This article was last updated 9 years ago

money, funding, ian

Alibaba’s Ant financial services, which had initially invested a sum of $500 Million into Paytm, has now reportedly upped its stake to 40% by pumping in a fresh $680 Million in a new round. Reuters reports that the amount could be in the vicinity of $700 Million.

If the proposed funding amount is even close to what’s being reported, this would zoom up Paytm’s valuation to over $4 Billion, making it one of India’s most valued startups in the current scenario.

Earlier in February this year, Ant Financial Services Group, an Alibaba Group Financial affiliate, had announced today that it will take a 25 percent stake in PayTm’s parent, One97 Communications. The company said that this investment was a part of a strategic agreement between the two brands.

Similar to its February investment terms, this investment too is considered strategic in nature, with Alibaba looking to expand its reach in the Indian market through Paytm.

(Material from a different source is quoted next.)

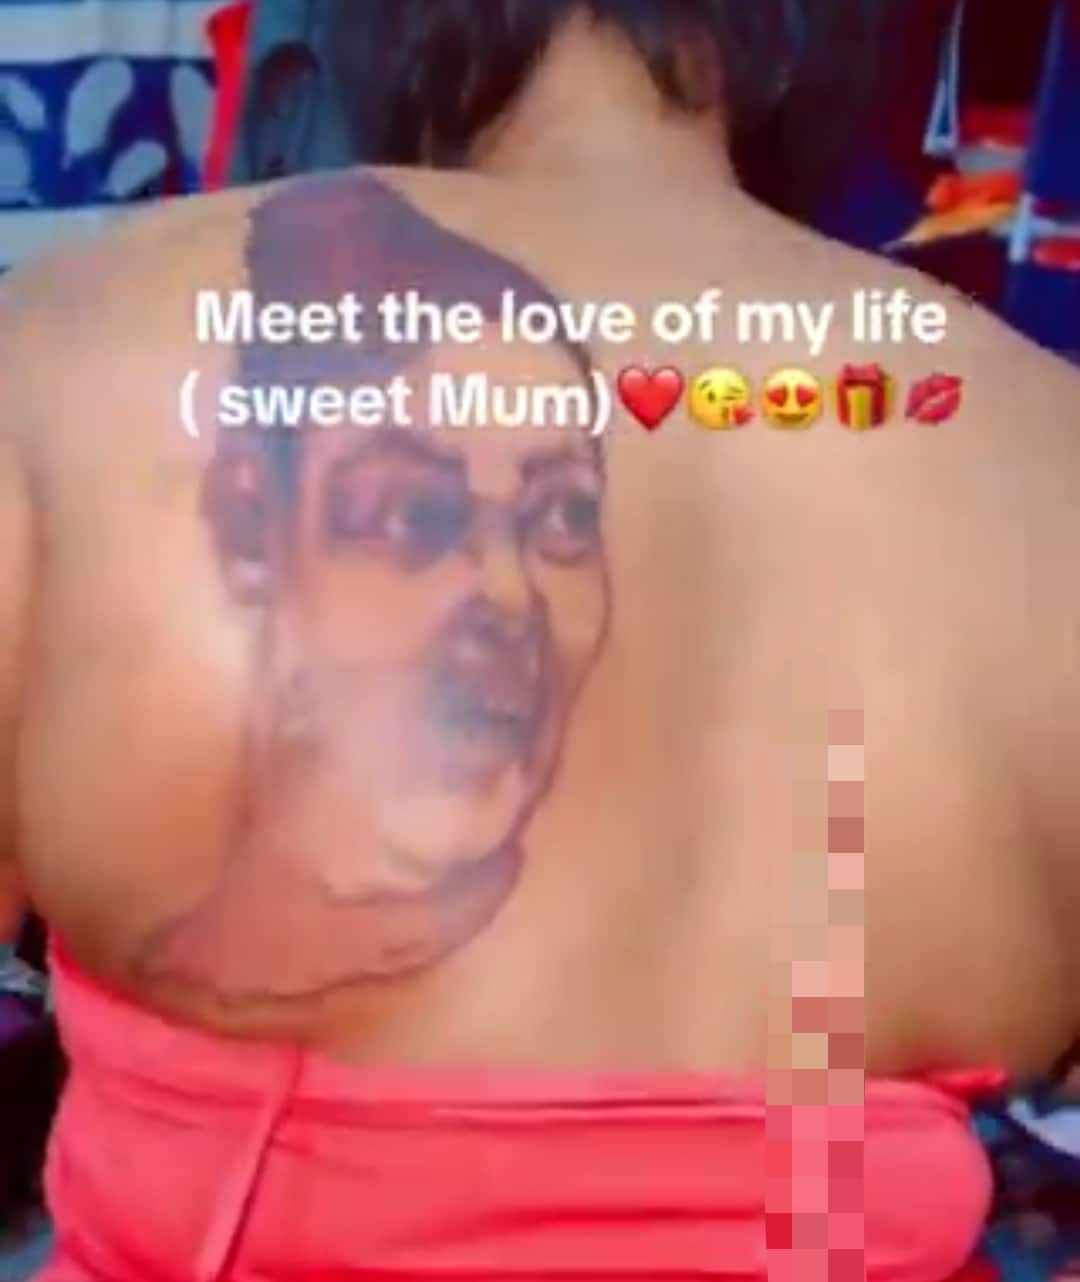 "Meet the love of my life, my sweet mum" - Ghanaian lady breaks the Internet as she dedicates tattoo to her mother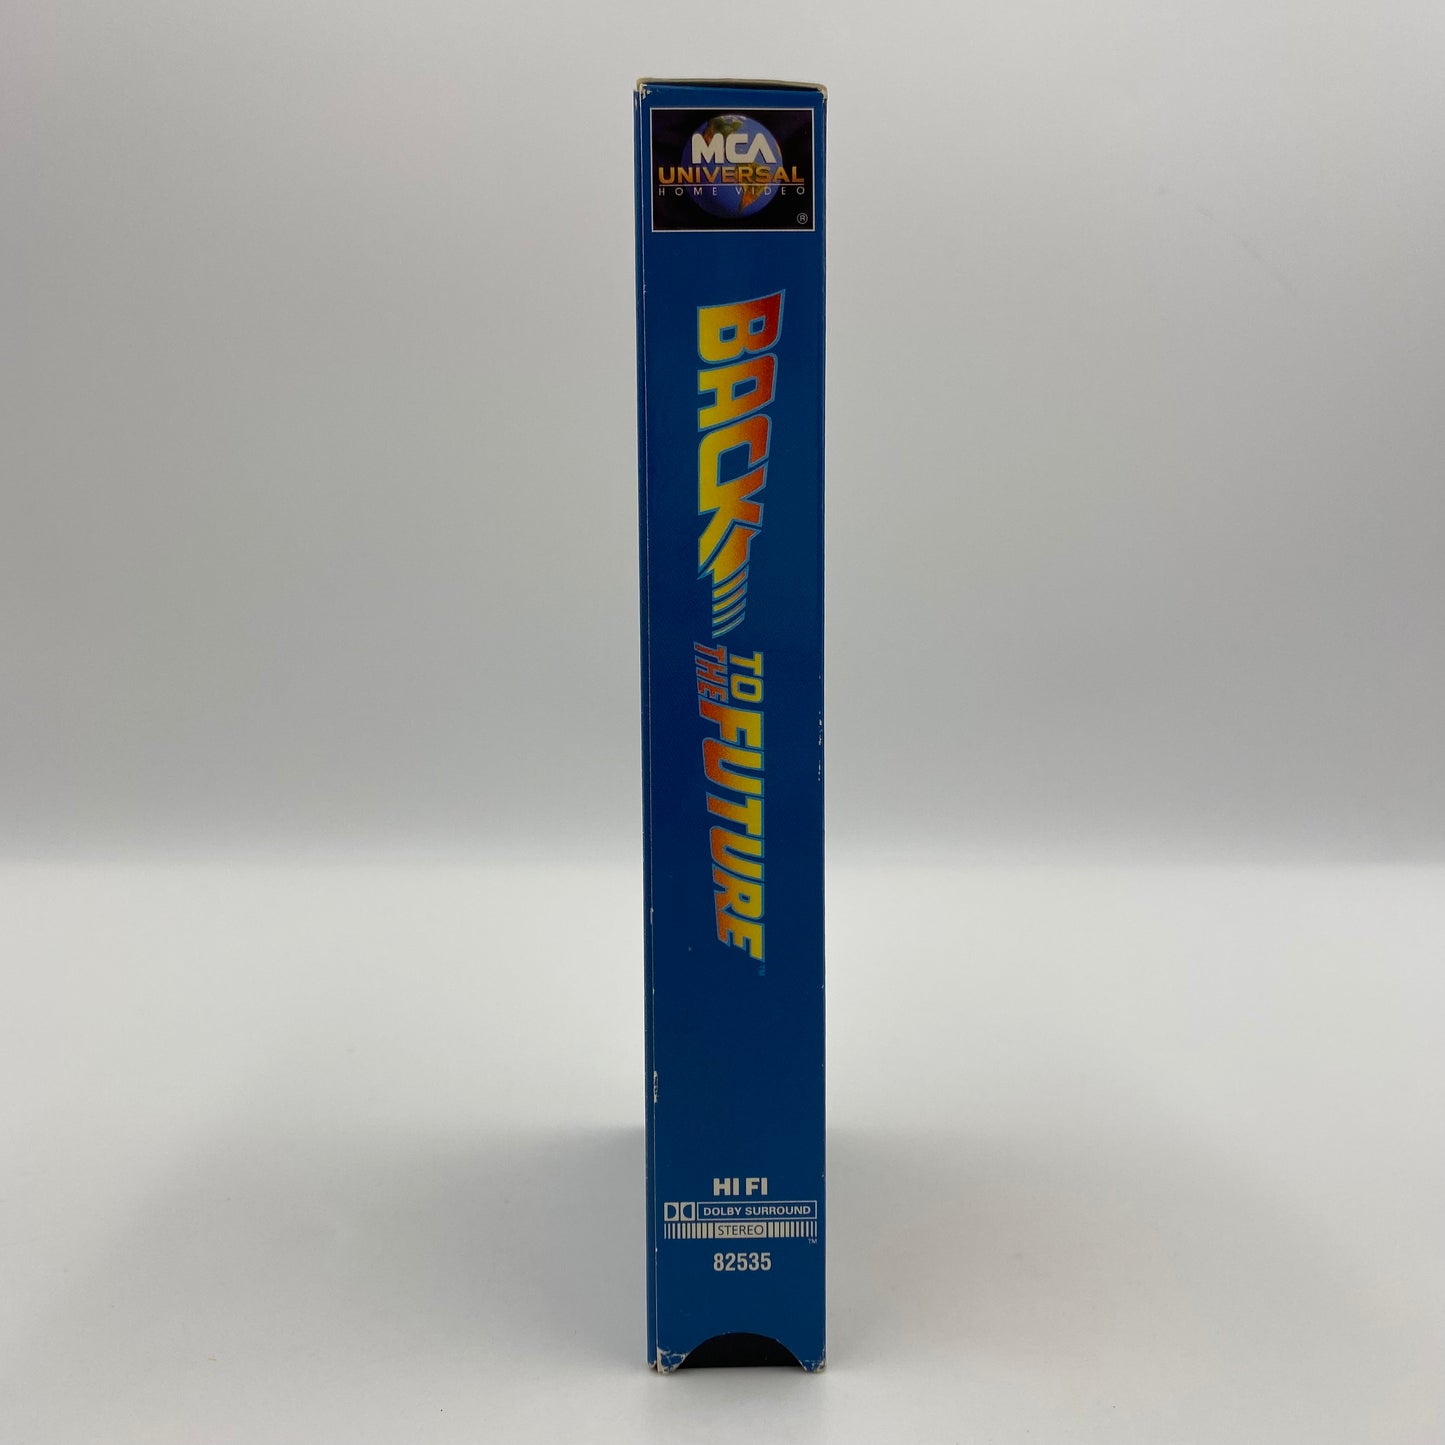 Back to the Future VHS tape (1995) MCA Universal Home Video

Interestingly though, if these numbers and reports are true, this would leave both Alibaba and Ant Financial services with a stake of 20% each in Paytm, virtually giving China’s largest mobile payments and services provider a whopping 40% stake into India’s largest payments service provider. PayTM also received a digital banking license from RBI last month.

The companies said in a joint statement,

The fresh capital infusion will allow Paytm to achieve scale, develop its vibrant mobile commerce and payment ecosystem in India, and invest in marketing, technology and talent. This transaction further demonstrates the commitment of Alibaba, the largest online and mobile commerce company in the world in terms of gross merchandise volume, to continue to internationalize its ecommerce business.

Alibaba. via these strategic investments and other schemes has been quietly making deep inroads into the Indian market. Paytm recently announced plans to bring over 100,000 Chinese sellers on its platform, virtually opening massive gates to an Indian market, which had largely been a nascent territory for China’s burgeoning e-commerce companies.